Algorithm for slicing planes (in place) out of an

2019-02-09 21:22发布

I've got a flat array of byte RGB values that goes R1 G1 B1 R2 G2 B2 R3 G3 B3 ... Rn Gn Bn. So my data looks like:

char imageData[WIDTH * HEIGHT * 3];

But I want to pass a WIDTH*HEIGHT array to an existing C library that expects a single plane of this data. That would be a sequence of just the R values (or just the G, or just the B).

It's easy enough to allocate a new array and copy the data (duh). But the images are very large. If it weren't a C library but took some kind of iteration interface to finesse the "slicing" traversal, that would be great. But I can't edit the code I'm calling...it wants a plain old pointer to a block of sequential memory.
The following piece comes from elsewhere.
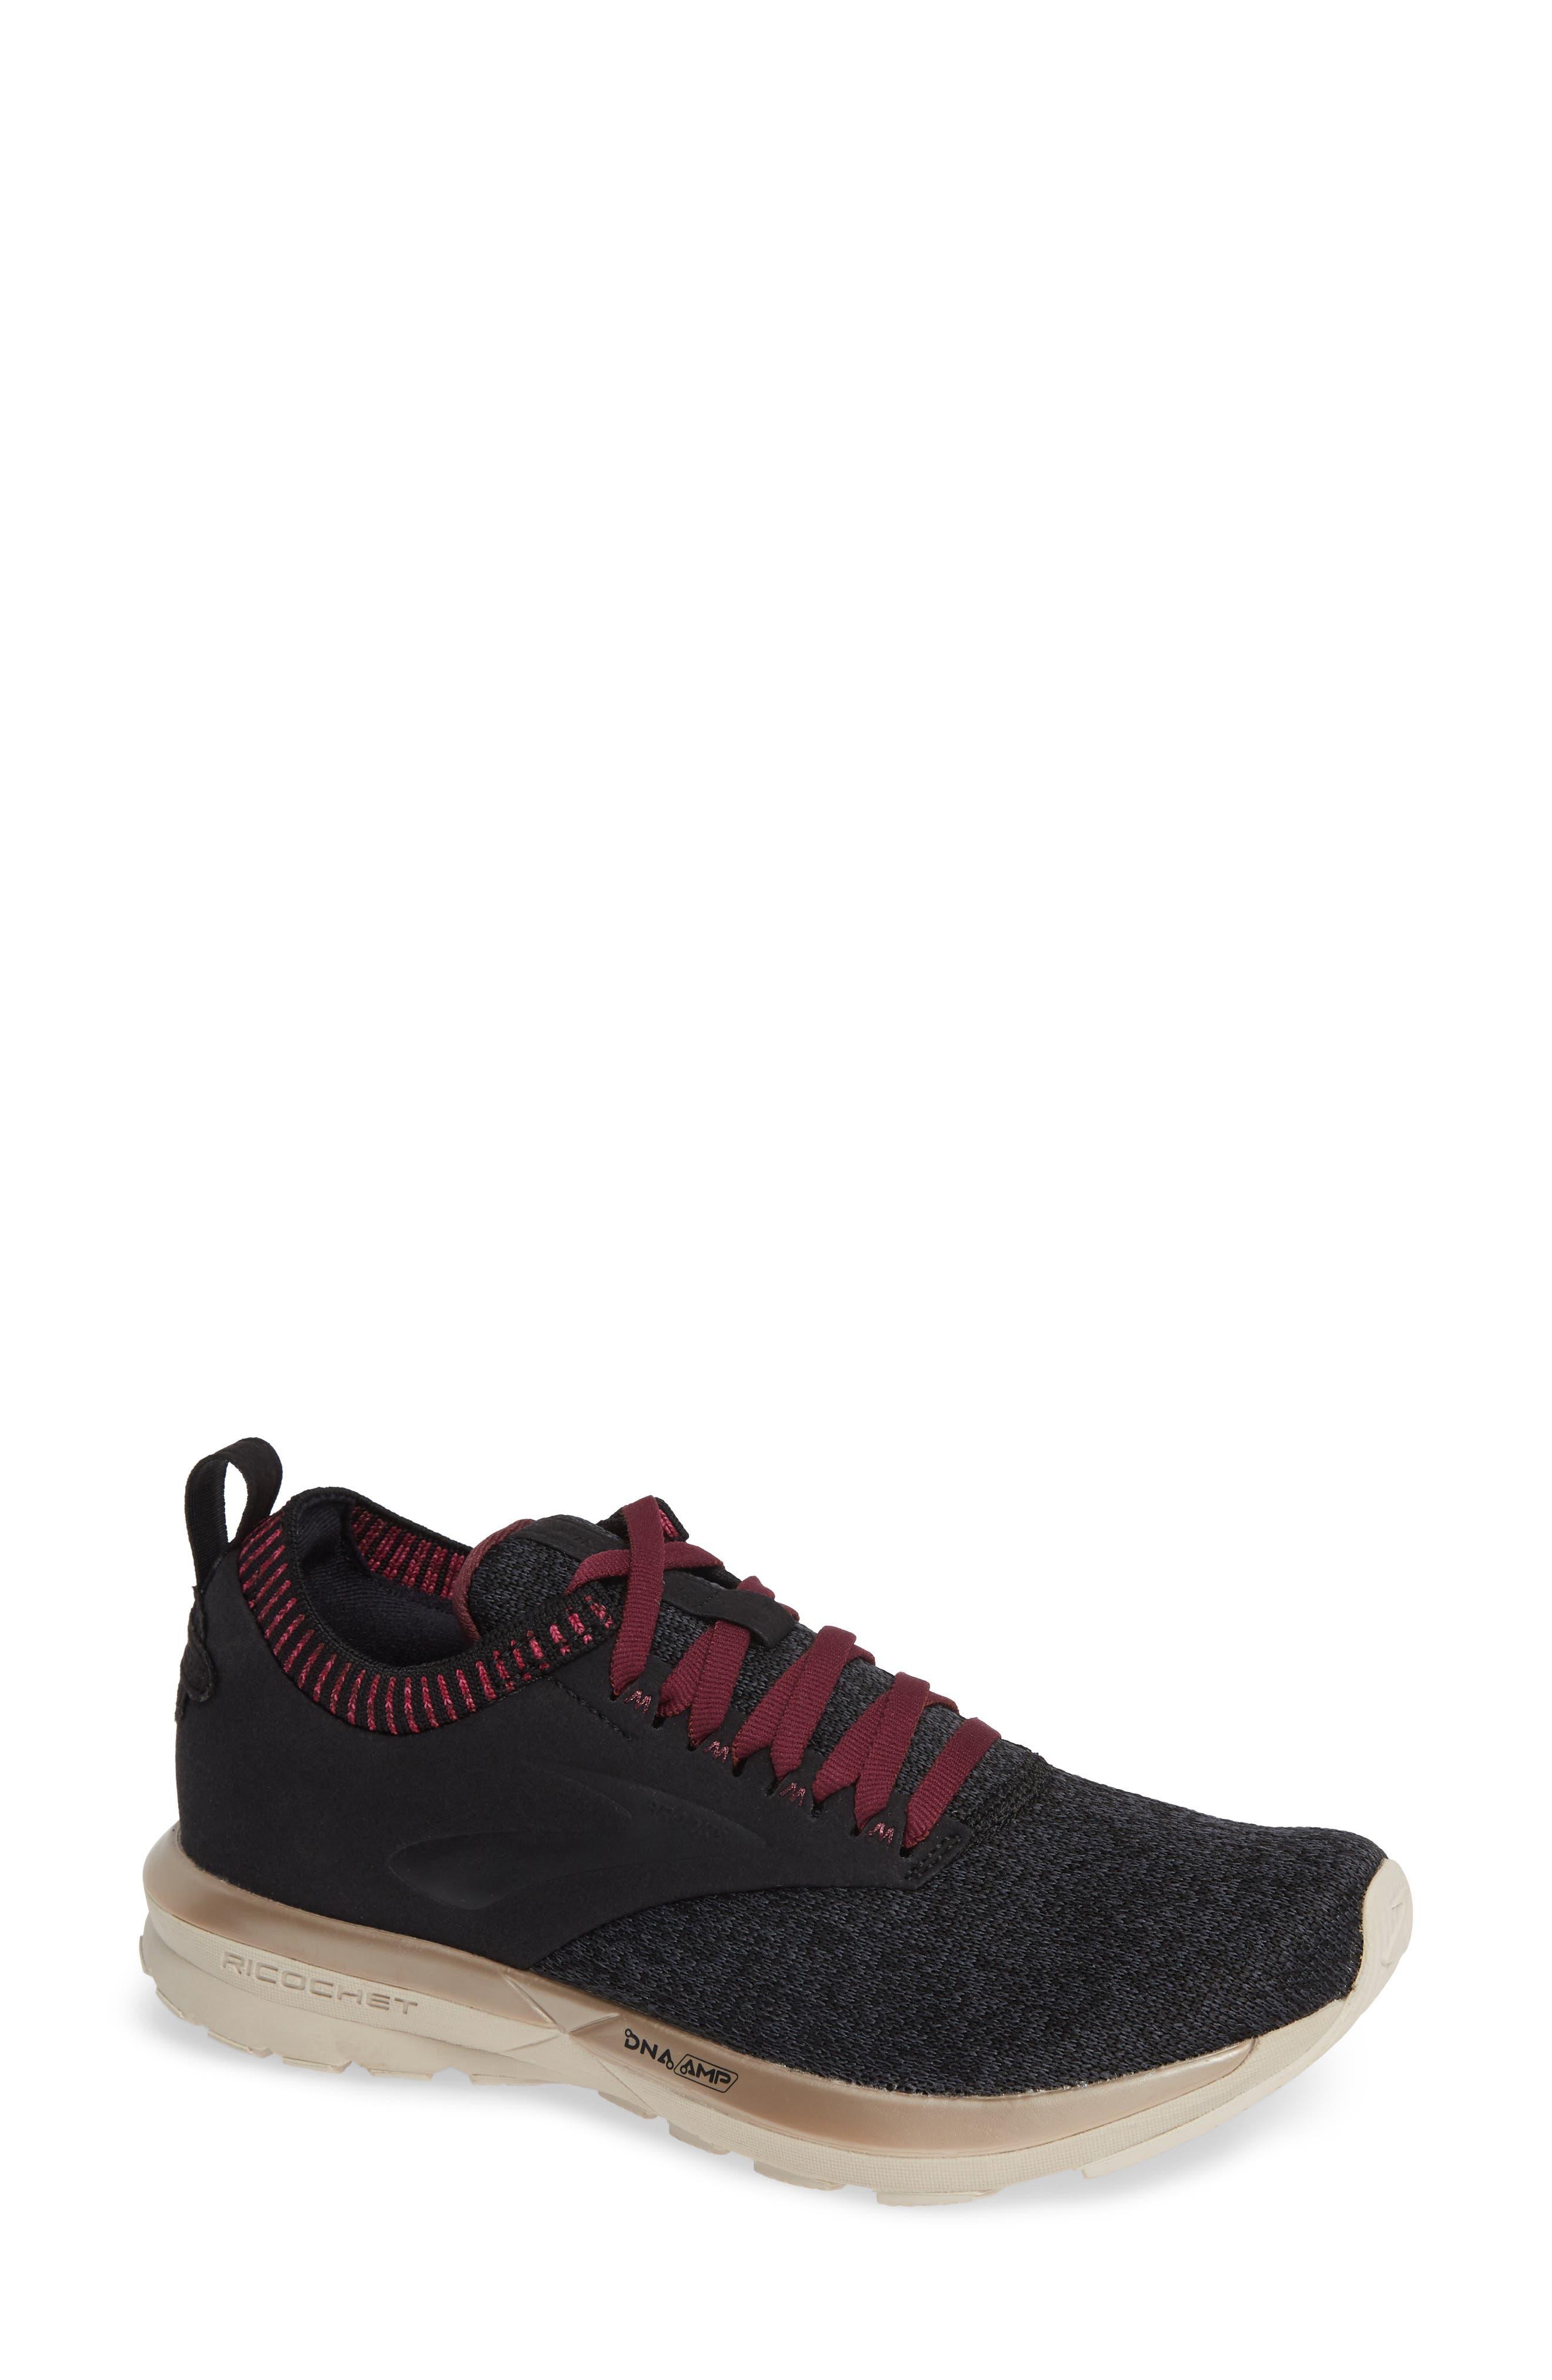 Ricochet LE Running Shoe, Main, color, BLACK/ GREY/ PINK

HOWEVER I have write access to this array. It is viable to create a routine that would sort it into color planes. I'd also need a reverse transformation that would put it back, but by definition the same method that sorted it into planes could be applied to unsort it.

How efficiently can I (in place) turn this array into R1 R2 R3 ... Rn G1 G2 G3 ... Gn B1 B2 B3 ... Bn and then back again? Any non-naive algorithms?

3条回答
一纸荒年 Trace。
2楼-- · 2019-02-09 21:51

If you only need one plane, this seems pretty easy. If you need all 3 you will probably have better luck with a more sophisticated algorithm.

void PlanarizeR(char * imageData, int width, int height)
{
    char *in = imageData;
    int pixelCount = width * height;
    for (int i = 0;  i < pixelCount;  ++i, in+=3)
        std::swap(*in, imageData[i])
}

It shouldn't be too hard to run the loop backwards from high to low to reverse the process.

查看更多
何必那么认真
3楼-- · 2019-02-09 22:12

This paper "A Simple In-Place Algorithm for In-Shuffle" describes how to transpose matrix of 2*N and gives a hint how to do it for other cases, so 3*N may be also possible. This answer to other question shows that it is indeed possible.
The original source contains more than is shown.